The last United States election paralyzed me as a writer / creative individual / human being who, despite being a cynical ape, wants to have hope. "The only thing that saved me has always been music," wrote the Beastie Boys; but in the weeks after shocking results of who will represent a place I call home, I could function only by listening to my nostalgic classics: Joy Division, Bauhaus, Can, Depeche Mode, Penderecki, Takemitsu. No new music for me while I'm hiding under this blanket.
But I dragged myself down to the studio one day, put iTunes on album shuffle, laid on the floor, and The Presence of Air Particles Ignited by Memory (serendipitously) popped up on random. Having 400 GB of music — some of which I've never listened to more than once — I had no idea what this was. I shut my eyes and let these five bubbles nudge me around before looking at my monitor to identify these wonderful noisemakers.
The trio of Ernesto Rodrigues (viola, harp, objects), Katsura Yamauchi (alto saxophone) and Carlos Santos (electronics) creates a meditative soundscape founded in drone, loose pulses and a breathy undertow. Each work is a deep, labored procession of inhale and exhale.
The fourteen-minute "Presence" induces a relaxed swaying from side to side, as if slowly twirling a dress in front of a mirror, or lovingly kneading bubbles out of clay. Supple warm, synthetic waves fill a backdrop for key clacks, staccato, reedy riffs; Rodrigues' forceful drag across viola (or harp?) puts a near Hendrix attack over the calm. The electrical big screen remains, while Yamauchi provides a subtle counterpoint of light, wheezing swells, and Rodrigues occasionally pops up with springy pizzicato blips. After a brief stint of Santos assuming control of the airwaves with a complex, evolving set of harmonic waves, he peels back in lieu of a duet of viola and sax engaged in a caress of whispers and coarse bowing. "Air" roots itself in a hushed, arpeggiated sax ostinato in the left speaker, Santos' distant hums in the middle and Rodrigues clawing and gnawing from mid-range to the highest rung on the fretboard.

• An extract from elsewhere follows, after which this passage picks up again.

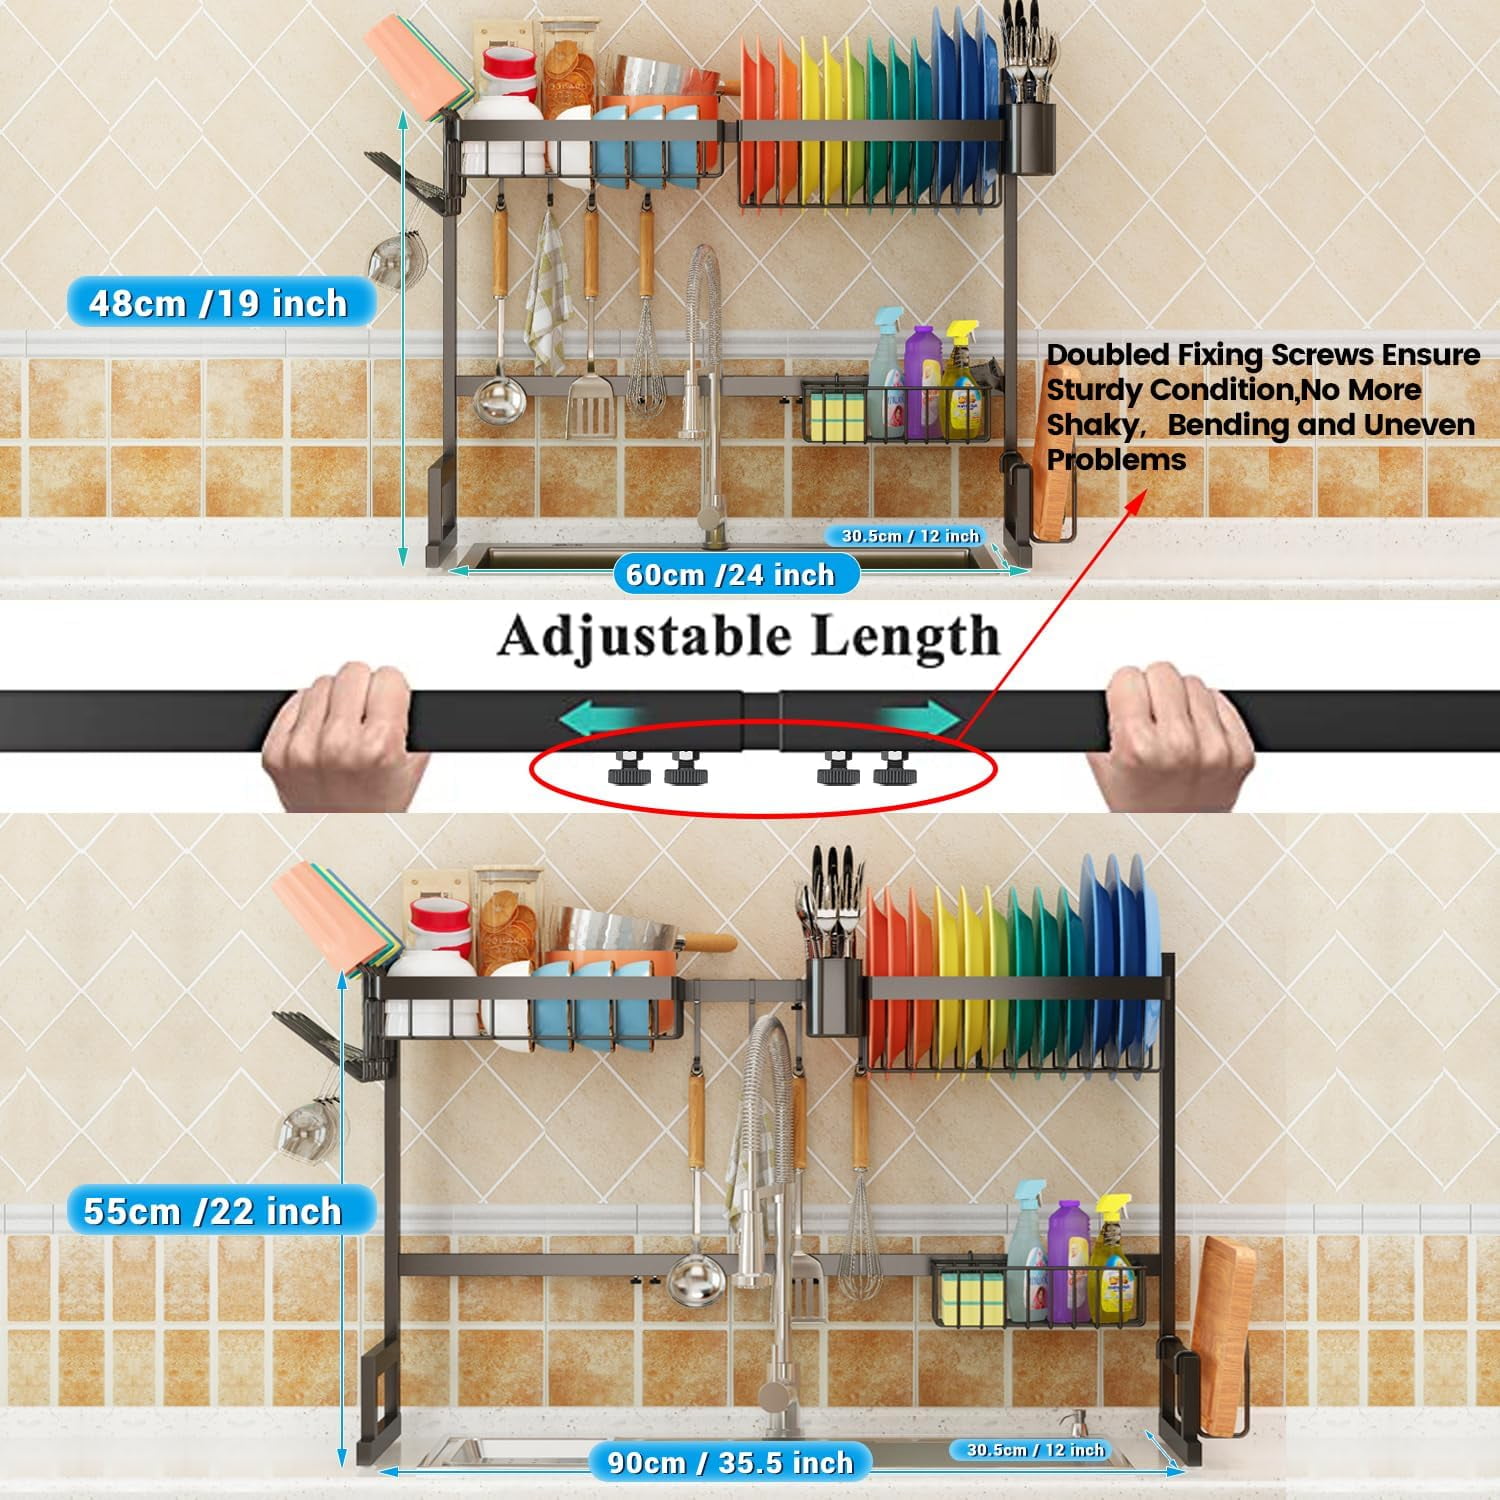 ADBIU Over The Sink (24- 32.5 L) Dish Drying Rack (Expandable

Bits of ideas (i.e. crackling AM radio sounds, woody wrenching and blurry percussive knocks) are added to the group's aesthetic throughout, but the abovementioned approach is explored to its last. Everything is emotionally neutral, guarded, the three musicians supporting each other as a pod and alternating roles on who should eke the piece forward. However, the closer, "Memory," is the effect of blinds suddenly drawn and an acclimation to a warmth after enduring a frigid night, or the first whiffs of fresh air after crawling from the depths of a cave. That isn't a negative reflection on the previous four works, but an assertion that "Memory" is the perfect, unexpected closure. The piece hangs around with a focus on gentle strokes and cloud-like gestures (plus an ensemble augmentation courtesy of Santos). Consonance is obtained — not by a familiar major chord, but in the impression that the music is moving, no longer static.
The Presence of Air Particles Ignited by Memory is a reminder to me that there is something beyond the 4/4, vanilla I IV V chord progression. It is free and reaches through nebulae and black holes to return with the notion that there is still creativity to be mined in a world that wants to kill us.